-- Information shown --
☆ ☆ ☆ ☆
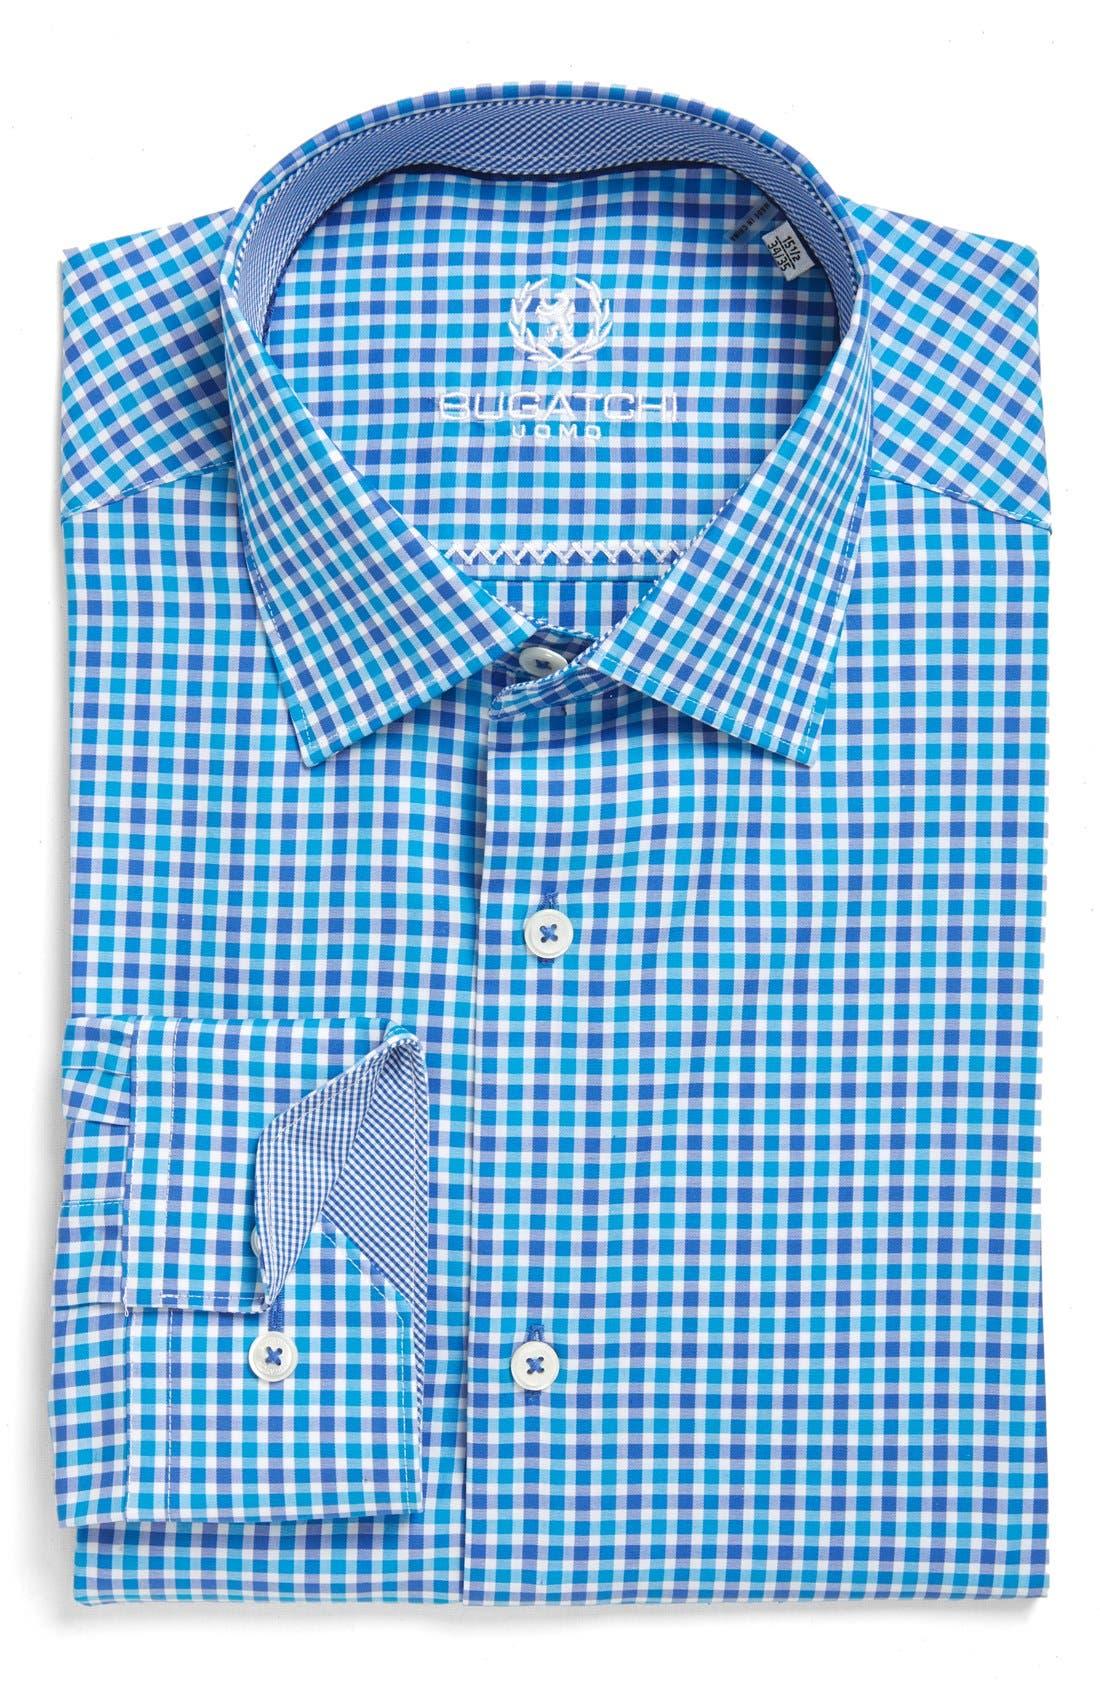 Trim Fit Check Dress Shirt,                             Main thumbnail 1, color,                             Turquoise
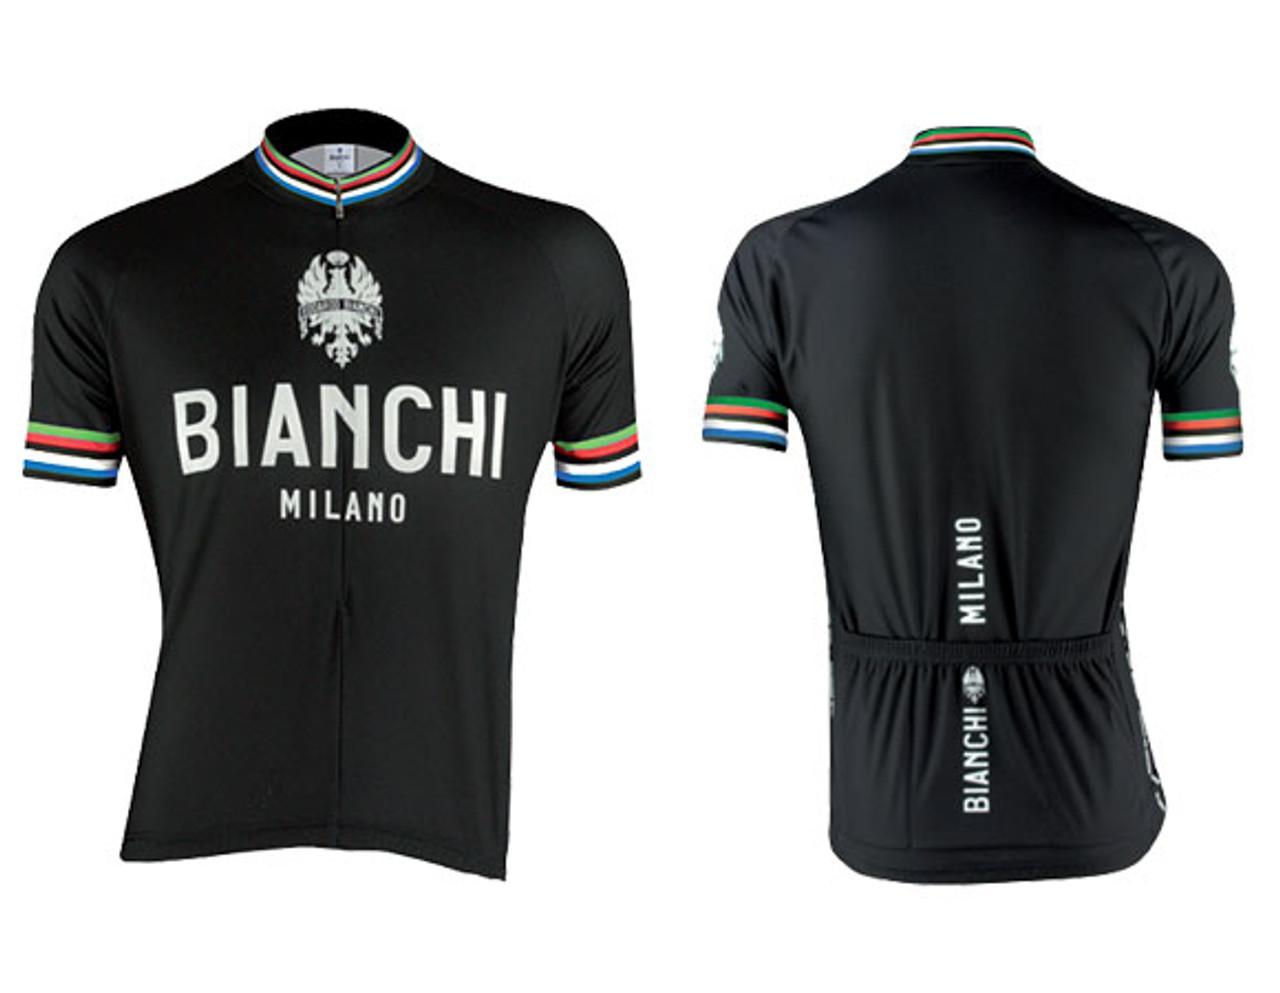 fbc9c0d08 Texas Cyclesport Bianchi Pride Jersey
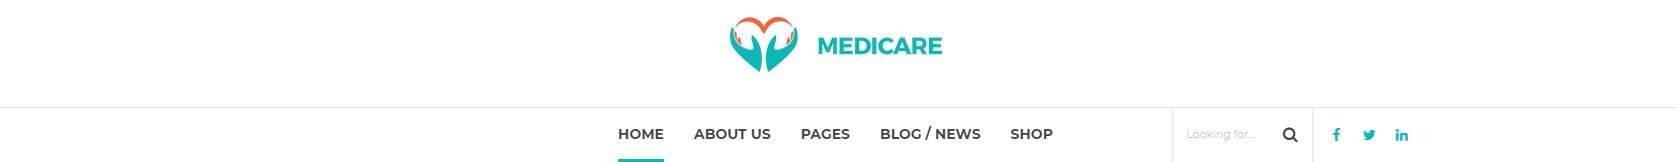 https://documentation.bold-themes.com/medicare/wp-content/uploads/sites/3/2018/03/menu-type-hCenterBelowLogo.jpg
☆ ☆ ☆ ☆
-- What you are asked to do --
Every line above should be returned word for word, with the pictures left behind.

-- Answer space --
 Trim Fit Check Dress Shirt,                             Main thumbnail 1, color,                             Turquoise
 fbc9c0d08 Texas Cyclesport Bianchi Pride Jersey
 https://documentation.bold-themes.com/medicare/wp-content/uploads/sites/3/2018/03/menu-type-hCenterBelowLogo.jpg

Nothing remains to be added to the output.